Evaluating the assistant
To ensure our assistant provides accurate and relevant answers, we'll use evaluators to assess its performance. We will create two evaluators:
- RAG Relevancy Evaluator: Measures how relevant the assistant's answers are with respect to the retrieved context.
- LLM-as-a-Judge Evaluator: Rates the quality of the assistant's responses.
For the first, we use the RAG Relevancy evaluator as described in Agenta's evaluation documentation.
Configuration:
- Question key:
trace.generate.inputs.query
- Answer key:
trace.generate.outputs
- Contexts key:
trace.generate.llm.internals.context
This evaluator measures how relevant the assistant's answers are with respect to the retrieved context.
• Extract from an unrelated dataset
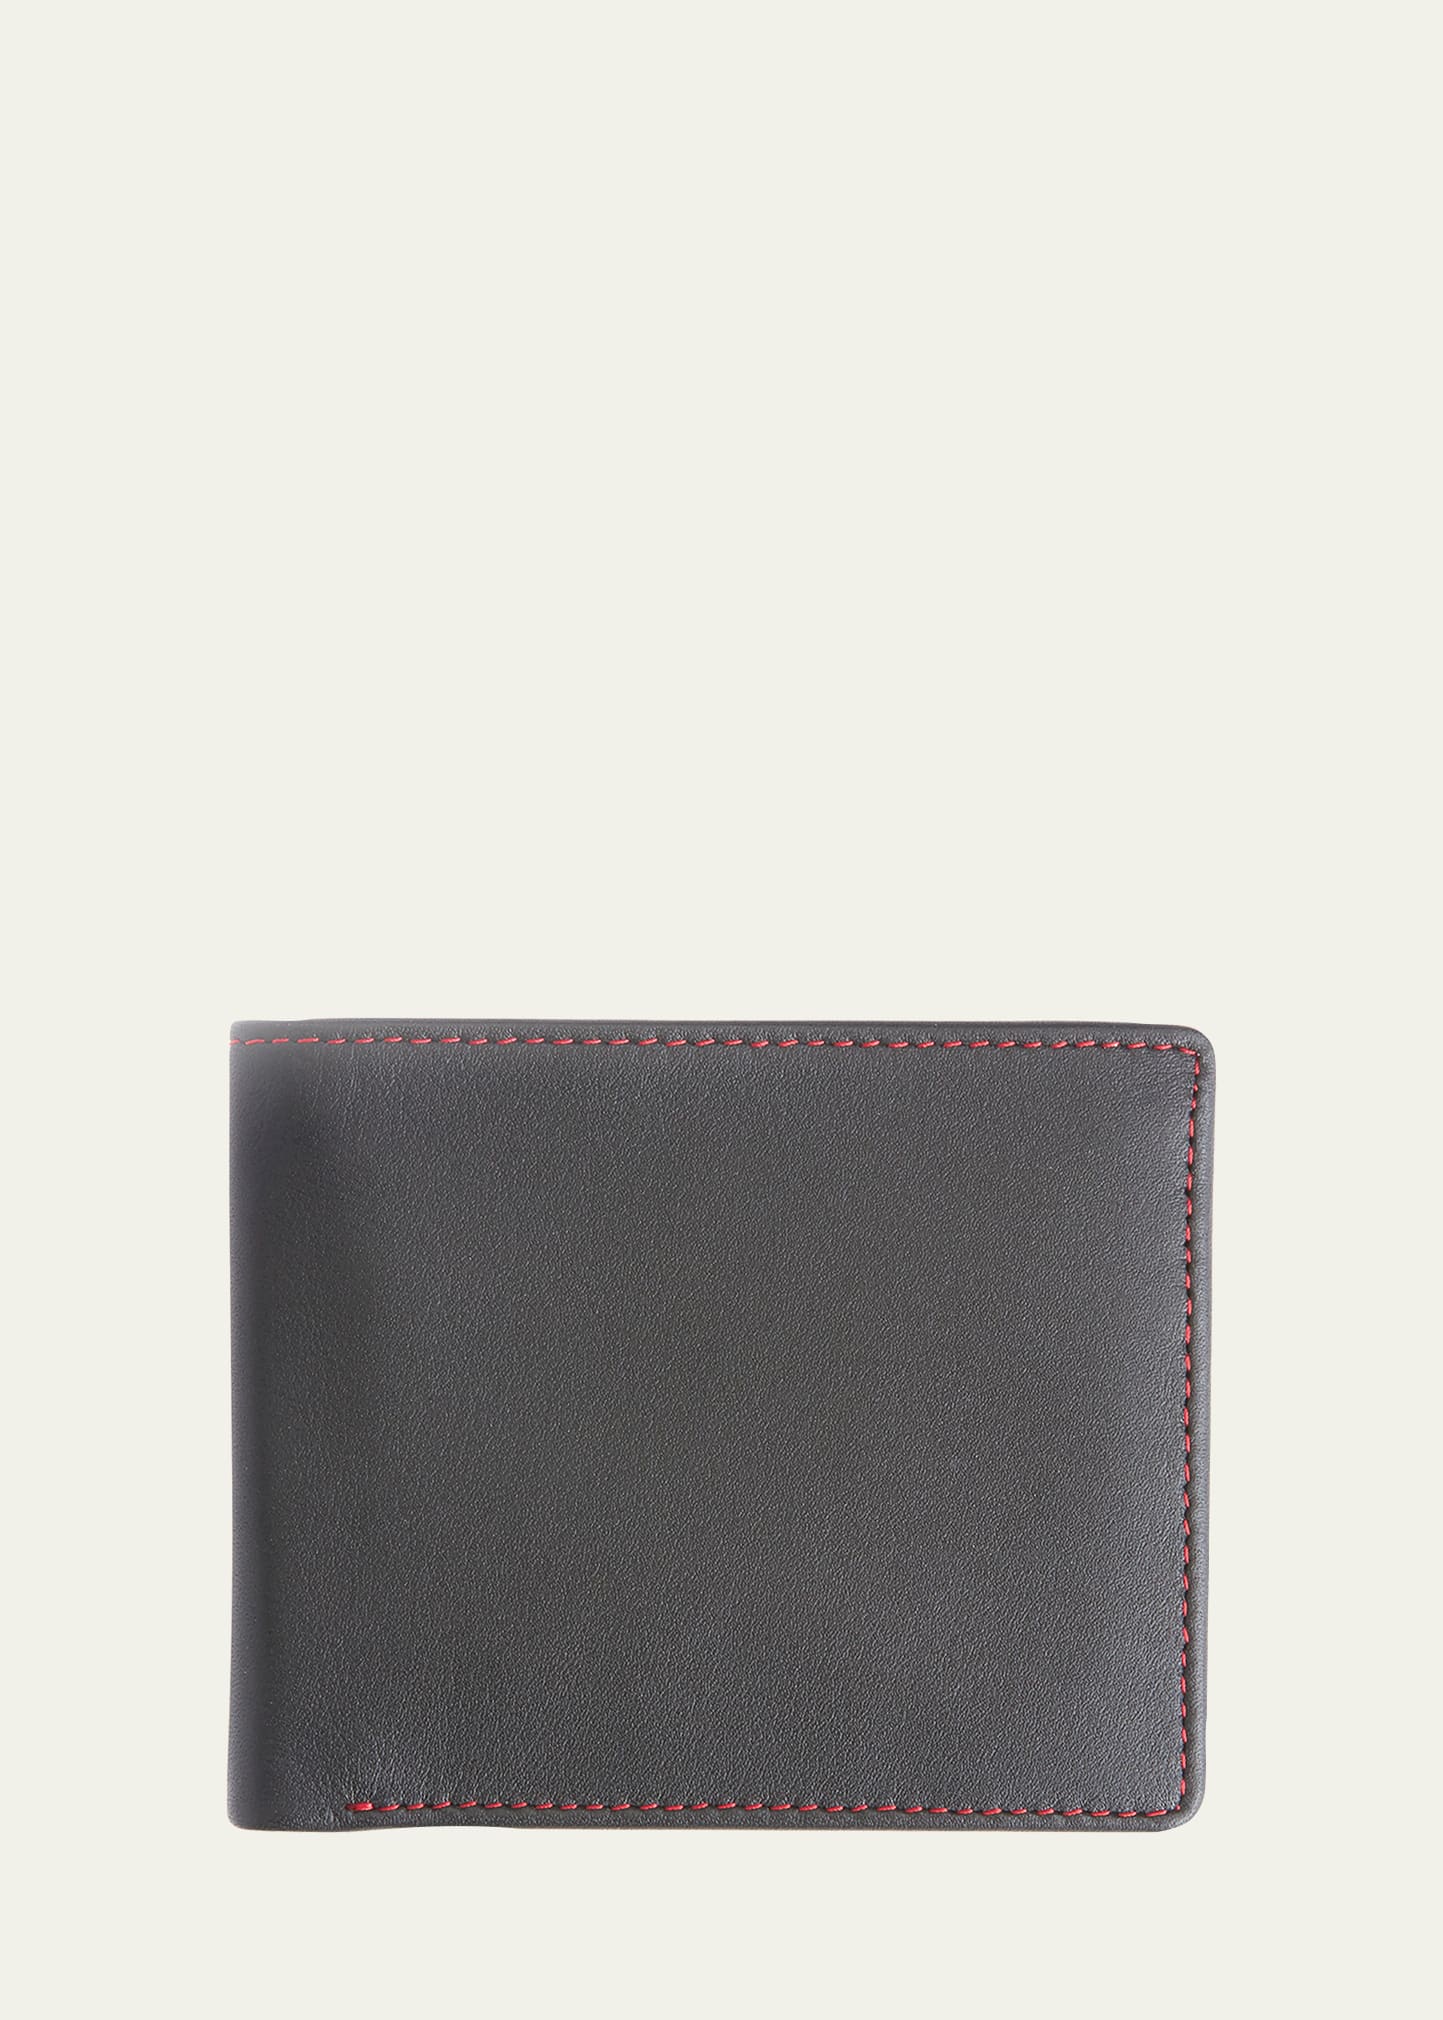 Personalized Leather RFID-Blocking Trifold Wallet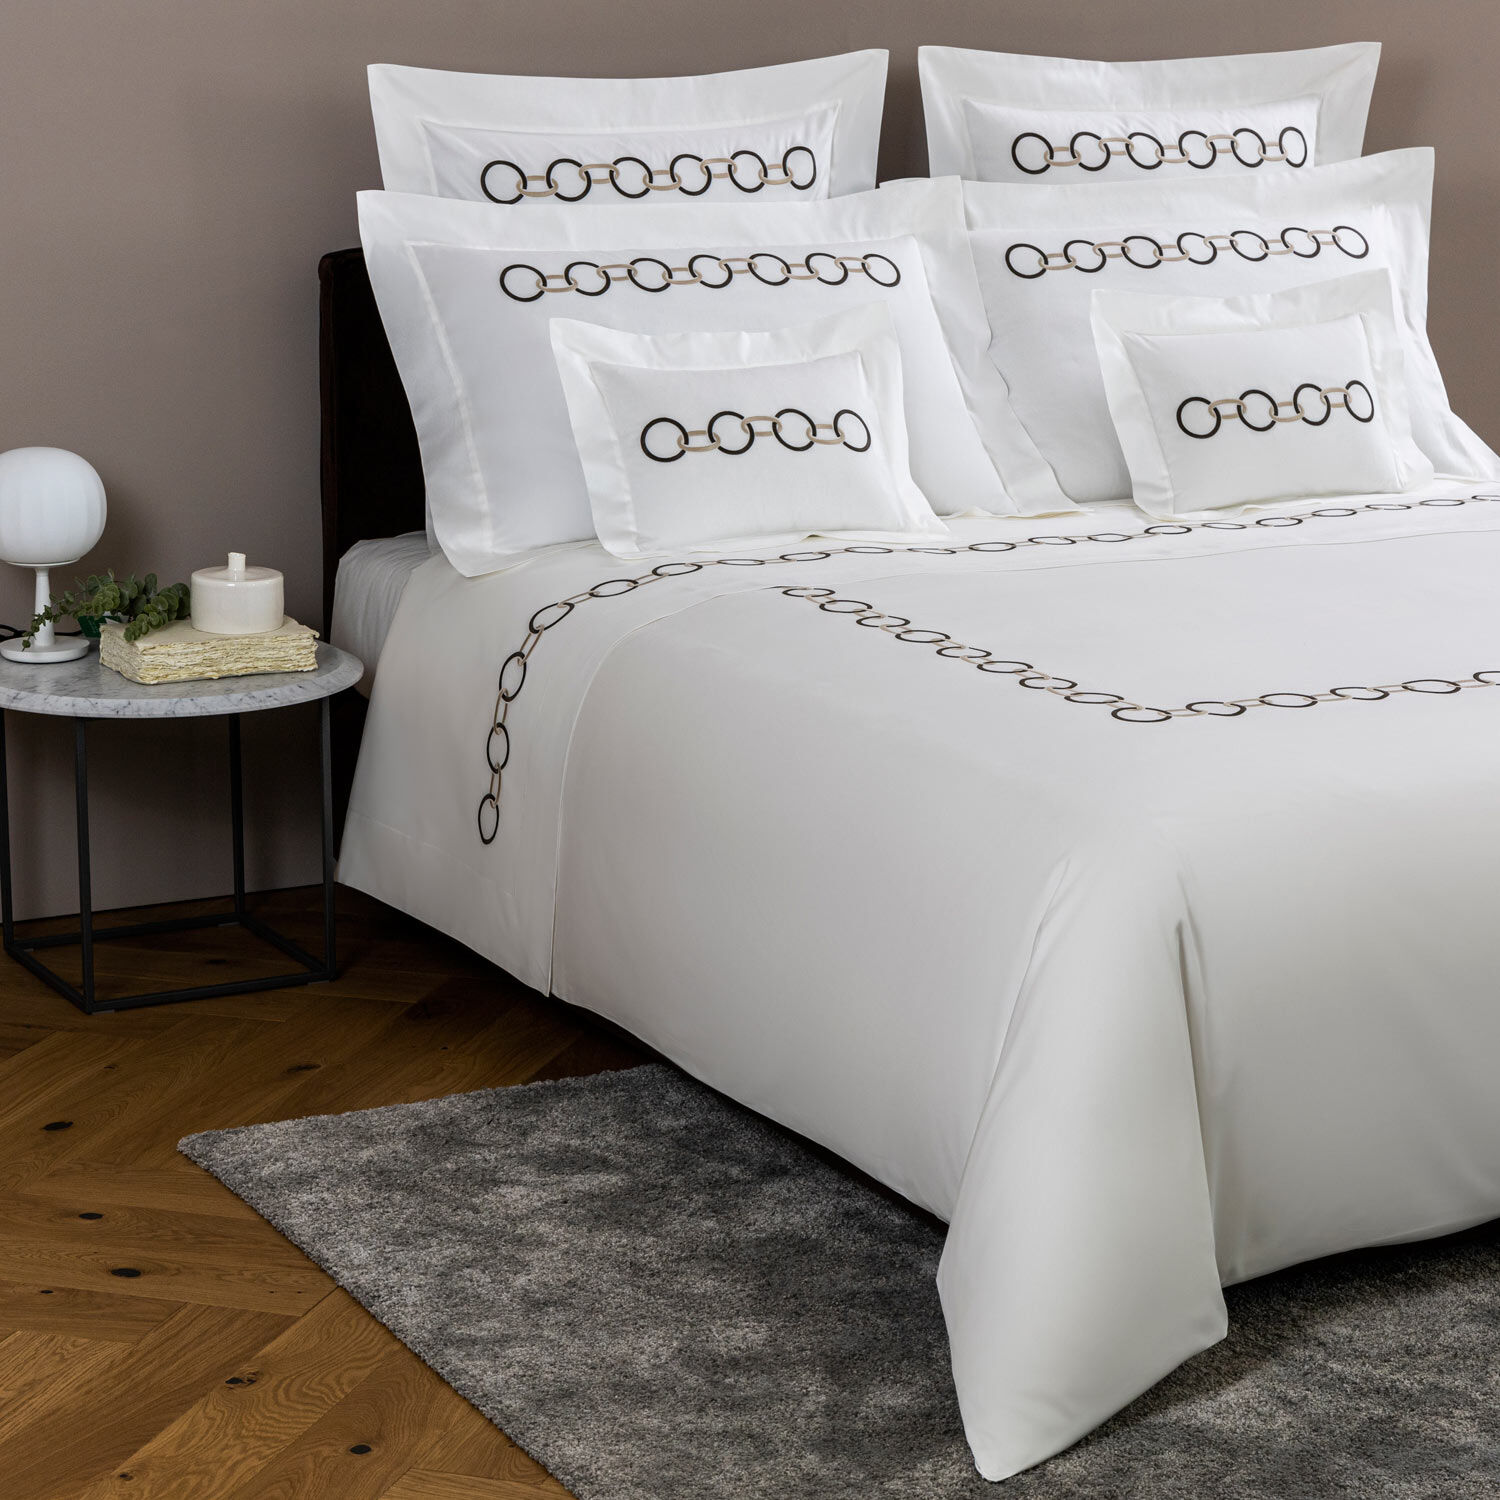 Details about   $1000 Frette Sfere Ricamo Pair Euro Shams Ivory Embroidered Circles 2 Available

Note that we use trace.generate.llm.internals.context
, which we previously stored in the span, to get the context from the trace.
You can use the evaluator playground to configure the evaluator and identify the correct trace data to use in your configuration (see image below).
We set and test an LLM-as-a-Judge evaluator to rate the quality of the assistant's responses the same way. More details on setting up LLM-as-a-Judge evaluators can be found here.
Deploying the assistant
After iterating through various prompts and parameters and evaluating their performance, we can deploy our satisfied solution as an API endpoint using Agenta.
Simply click the Deploy
button in the playground to accomplish this.
Agenta provides us with two endpoints to interact with our deployed application:
- The first allows us to directly invoke the deployed application with the production configuration.
- The second allows us to fetch the deployed configuration as a JSON and use it in our self-deployed application.
Conclusion
In this tutorial, we built a documentation Q&A system using RAG, but more importantly, we created a comprehensive LLMOps workflow that includes:
- A playground for testing different embeddings, prompts, and retrieval parameters in real time
- Observability tools for debugging multi-step RAG workflows and monitoring production performance
- Evaluation pipelines for assessing both RAG relevancy and response quality
- Deployment capabilities for smoothly transitioning from experimentation to production
This workflow shows how to evolve beyond a basic RAG implementation to build a production-ready system with robust testing, monitoring, and iteration capabilities.